CELA COMMENCE comme une comédie délicieuse. Une scène merveilleuse entre deux jeunes amoureux. Elle piaffe (Eléonore Joncquez), il est un peu timide (Benjamin Wangermée). La mère reçoit les propositions, vaguement amusée (Maury Deschamps). Amédée a un grand copain, Thomas (Vincent Joncquez). Il s’engage chez les pompiers. Le Capitaine lui fait confiance (Éric Challier). Mais tout tourne tragiquement soudain. Un accident… Et Amédée ne pourra plus marcher, ni bouger, ni parler. Tout juste pourra-t-il épeler quelques mots d’un geste de la main. L’hôpital, la rééducation. La patience infinie d’un médecin ; la froide raison d’un administratif ; une journaliste indiscrète ; et Clov (Teddy Melis), l’interlocuteur imaginaire d’Amédée. Un personnage qui est tramé de ses fantasmes, tentations, désespoirs, espérances. Grâce à Clov, nous entrons dans l’âme et dans l’esprit du jeune homme.

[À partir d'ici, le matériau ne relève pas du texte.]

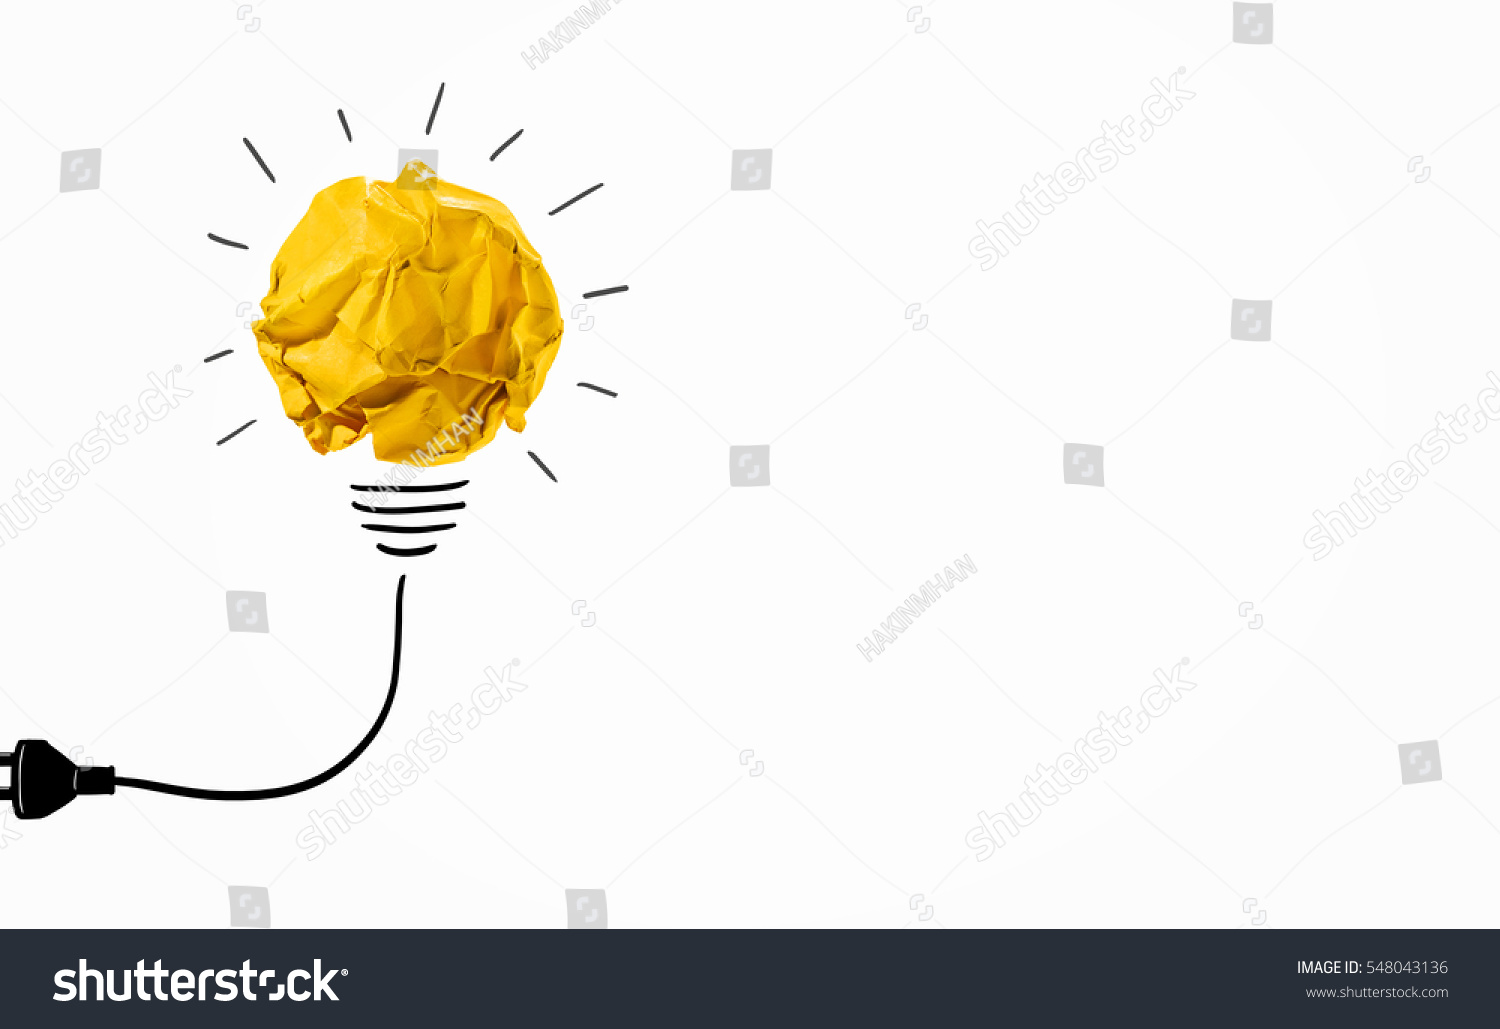 Ideas with yellow crumpled paper ball ( lightbulb ).Creative business concept.
 #548043136

N’en disons pas plus. Côme de Bellescize, la trentaine, s’est inspiré du cas tragique de Vincent Humbert. On s’en souvient, ce jeune homme, né en 1981, pompier, avait été victime d’un terrible accident de la route en septembre 2000. Tétraplégique, aveugle, ne pouvant s’exprimer autrement que par le pouce droit, il demanda au président de la République le « droit de mourir ». En 2003, sa mère, Marie Humbert annonce qu’elle aidera son fils, elle agit, est placée en garde à vue.
Côme de Belellescize ne reprend pas tout le détail de cette très douloureuse affaire. Mais on comprend combien il a été touché et l’humanité du propos est d’une puissance bouleversante. Il demeure un homme de théâtre. Il n’instruit pas un procès, il n’expose pas un dossier.
Il raconte une histoire et il ne le fait que par les moyens du théâtre. Son équipe artistique est remarquable (scénographie, costumes, vidéo, lumière, son, musique), tout est d’une pertinence parfaite. L’histoire est très bien racontée, sans pathos excessif. Elle fait réfléchir, elle touche, elle nous pose des questions graves. La mise en scène est fluide et pleine d’inventions délicates et d’efficacité.
C’est interprété à la perfection par des comédiens très bien choisis et dirigés. Éric Challier, Vincent Joncquez, Éléonore Joncquez, dans des doubles partitions très bien conduites ; Maury Deschamps avec tact et profondeur ; Teddy Melis avec une énergie, une fantaisie, une justesse formidables. Benjamin Wangermée, Amédée claquemuré ou Amédée « parlant » avec Clov, est fin et nuancé, très touchant.
C’est l’un des moments de théâtre les plus importants de ces derniers mois. Il révèle un jeune auteur et metteur en scène avec qui il faudra compter. Il pose à chacun des questions essentielles.
Théâtre de la Tempête (tél. 01.43.28.36.36, www.la-tempete.fr), à la Cartoucherie de Vincennes, à 20 heures du mardi au samedi, à 16 h 30 le dimanche. Durée : 1 h 40. Jusqu’au 2 juin.